Where's data?
You've decided data science is the way to go.
You've determined specific business problems or questions data science can help you address and/or answer.
You're ready to hire data scientists.
Hold on a minute.
Before you hire it's time to look inward, reflect a moment on what's necessary for data science to be effective.
Data. Where's your data?
As part of a bigger picture on integrating data science an early step in making data science effective is having the relevant data to address and/or answer the critical business questions.
When I say data, what am I talking about? Big data? Distributed data? Data in the cloud? Some other buzz phrase or hot topic in technology blogs and mags? Summary charts and tables? Presentations with beautiful dashboard graphics and visualizations?
None of these necessarily. Most of the above terminology refers to how much data and where that data is stored or how it's presented.
Like the Where's Waldo hidden character series, data scientists need access to the relevant data to begin finding the hidden patterns and stories within to solve problems and answer questions. Data that's all over the organization, buried on individual desktops, stuck in emails, or stored in siloed departmental databases make answering questions and solving problems far more difficult. Data scientists work at a raw data level that is often confusing for organizations to understand. So let's clear that up.
Data scientists live in a world of probabilities, and sometimes individual probabilities, at that. What does individual probabilities mean? Predictive modeling and machine learning supports the kind of individualization and customization that consumers and clients want these days. But that individualization and customization comes at a price, and that price is the data required to build the models that produce the probabilistic output at an individual level.
Let's try all that again: without the requisite, relevant available data to build models that output probabilities that targets will do what you want data science can't be valuable in creating optimized and efficient inputs for business success.
Gathering data is the first step in making data science work, which could be called what to collect.
Data collection based on important questions to be asked and answered are necessary as the foundation of the data science hierarchy:
- What data do you need and for what purpose?
- If the data doesn't exist, are you willing to step back and take the time to gather or purchase it and potentially lose tactical business traction to sacrifice for the future?
- Do you understand the volume, velocity, and variety of data you have or need? Put another way, do you understand how much data, how quickly it's being gathered or can be purchased, and how many different types of data are available or relevant?

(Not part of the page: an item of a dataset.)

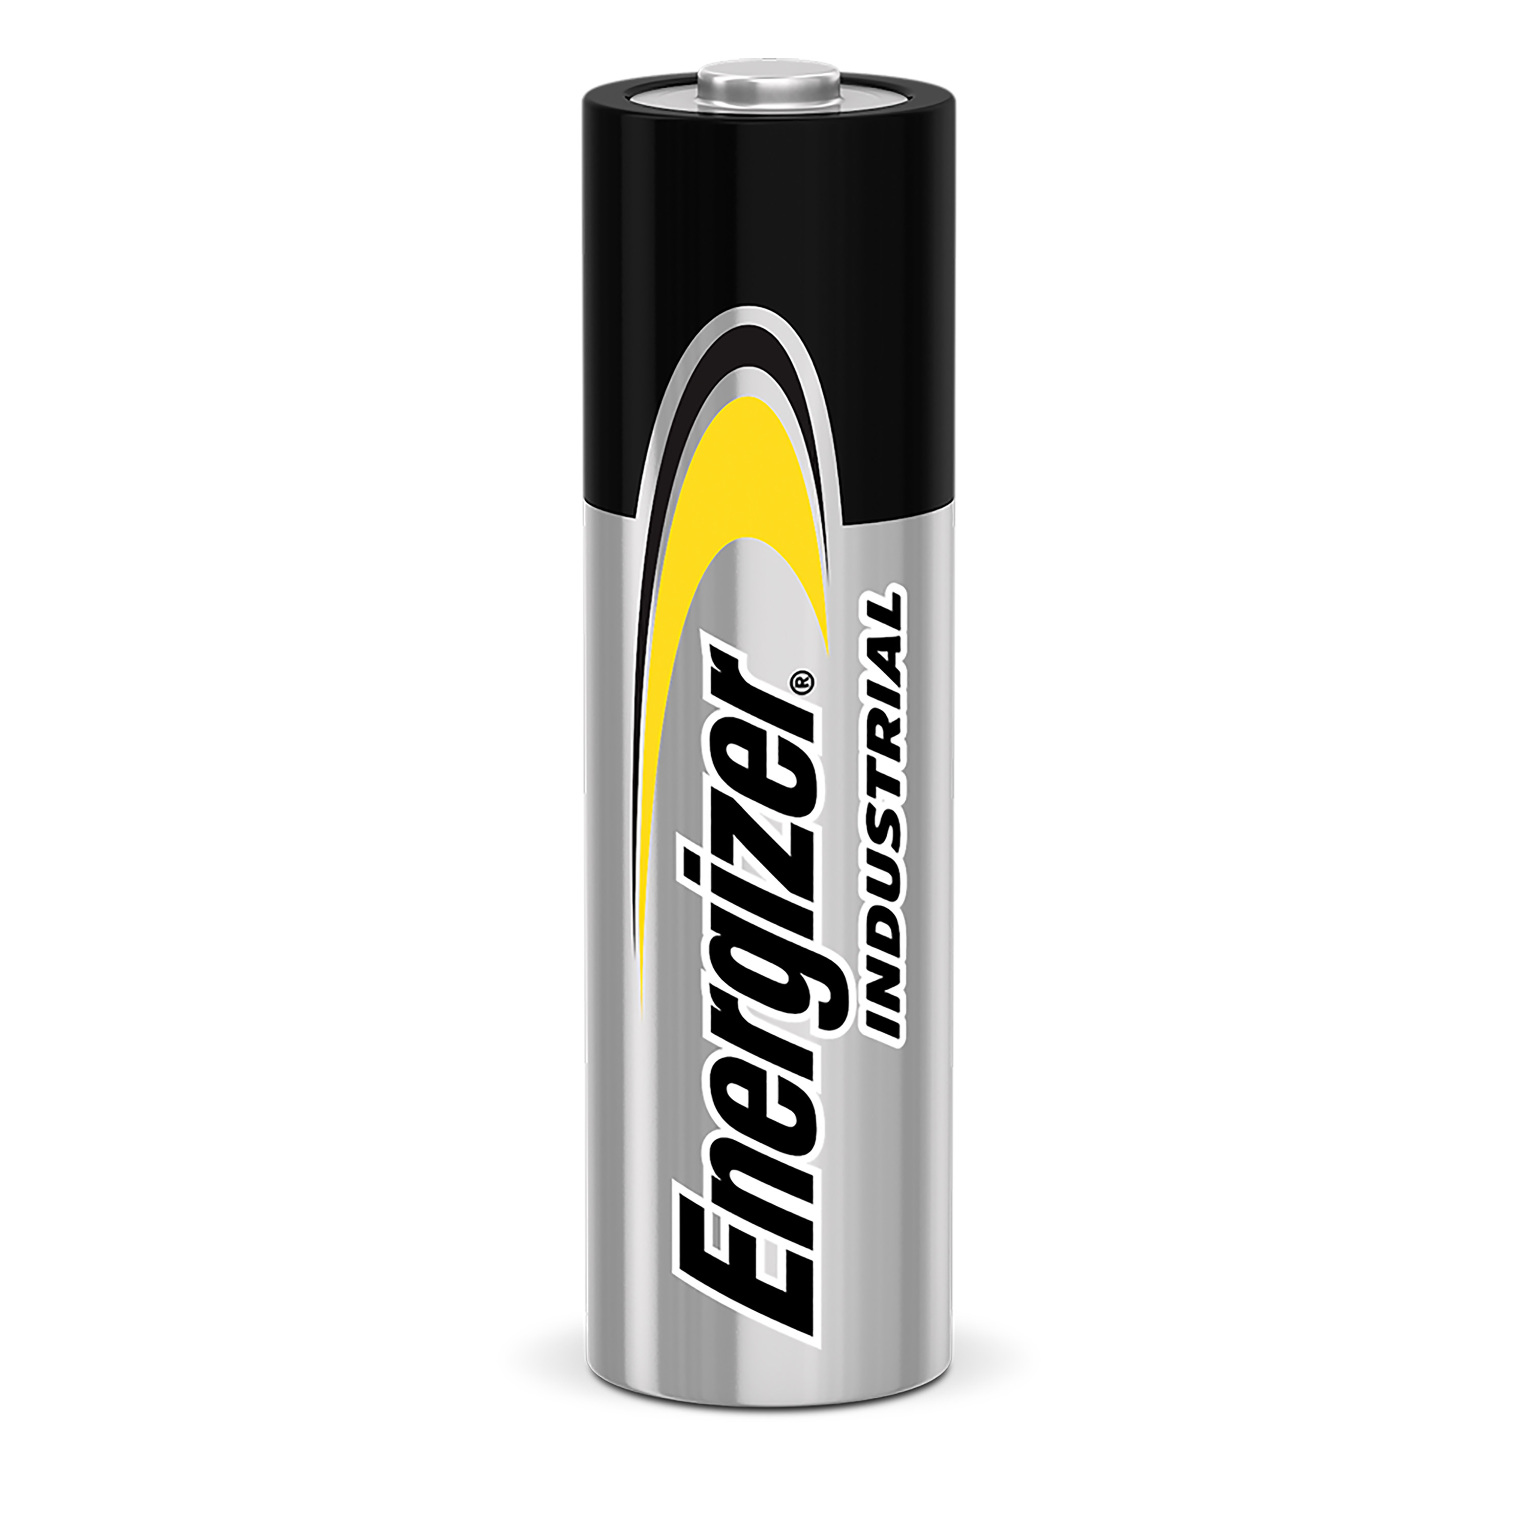 Energizer Industrial AA Alkaline Batteries - 144 Pack

- Have profiles of clients or consumers been built that classify them by channel interest (if this is important from a marketing perspective); e.g. is the recipient more disposed to receiving email than banner ads? Beyond this, are digital assets tagged correctly to identify those recipients?
- Have the appropriate third-party agreements been put in place if data is being collected from another entity you don’t control, such as partners, vendors, or data marketplaces?

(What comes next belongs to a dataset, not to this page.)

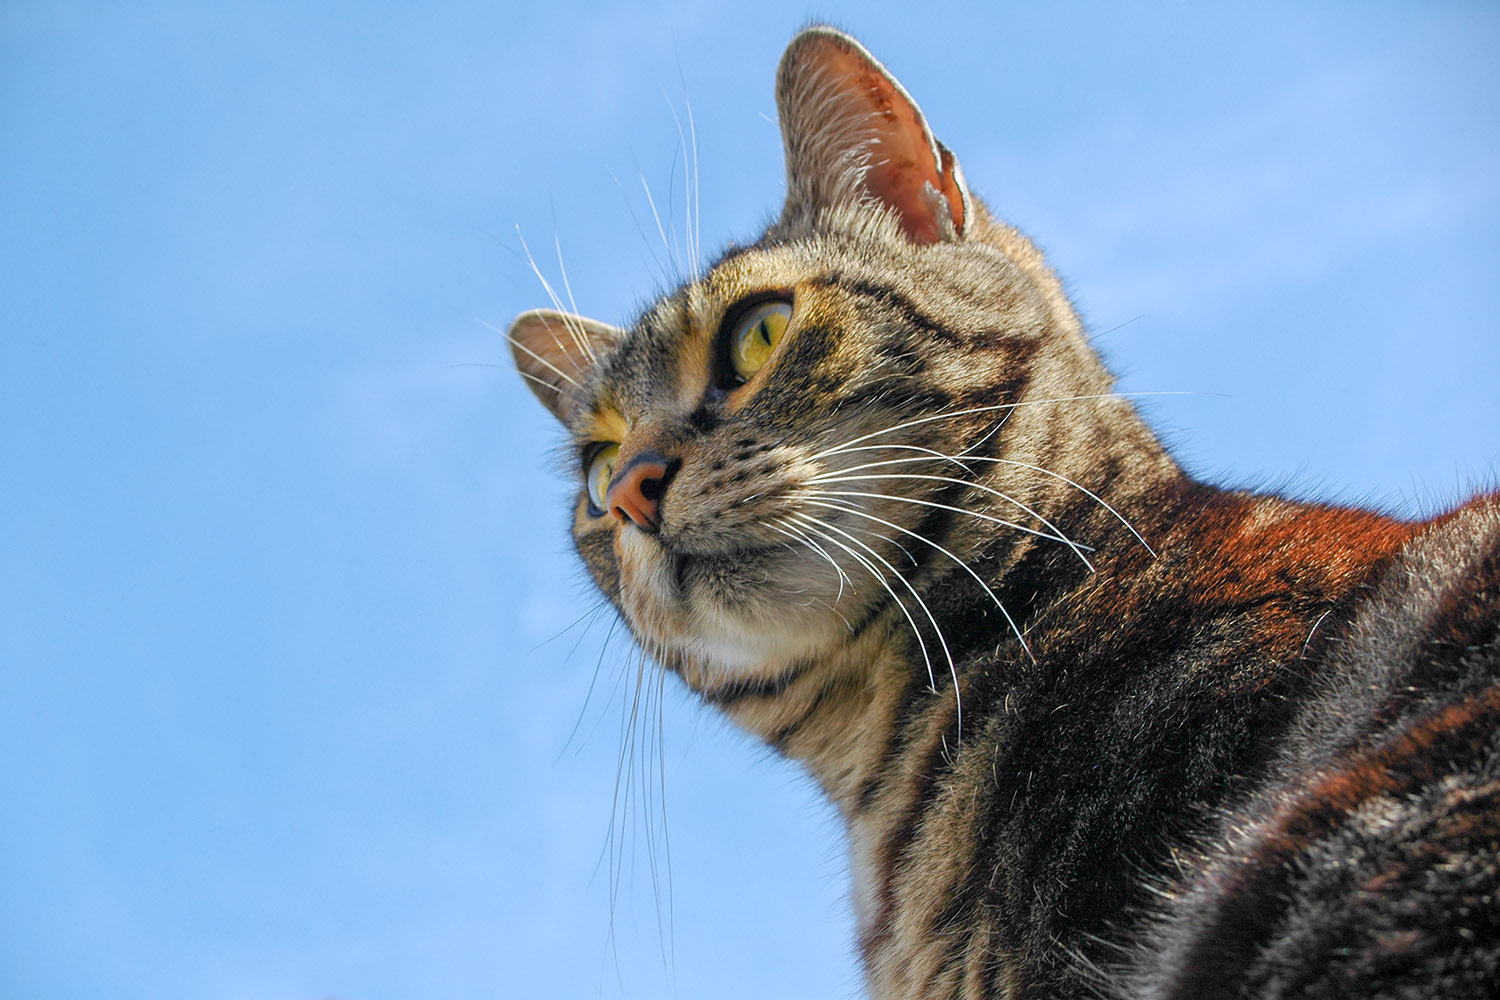 Moïse, my favorite neighborhood cat when we lived in Valbonne

- Do you need or have access to 3rd party consumer profile data from vendors such as Acxiom, Experian, or ESRI?
- Is there a plan for how to bring together the data being gathered directly and from outside sources? Basically, is there a common "link" that will identify individuals to build a profile?
- Has a measurement plan to track and report the most important and relevant key performance indicators been developed in conjunction with preparing for data collection?
If you've committed to data science and want to talk more about the first step of organizing, coordinating, and collecting the relevant and valuable data your organization will need for data scientists to be successful, reach out to me at sam.johnson@bluejacketsol.com.
And if you've been successful it's always great to hear how others have made it work. Each opportunity is unique; like the nationwide regional BBQ battles over whose is best, data science is done in many flavors, none the only or the best. Having baseline processes to define the output, though, like knowing you'll need a smoker for brisket--Big Green Egg, Traeger pellet, barrel smoker--is part of the required methodology for a modicum of success.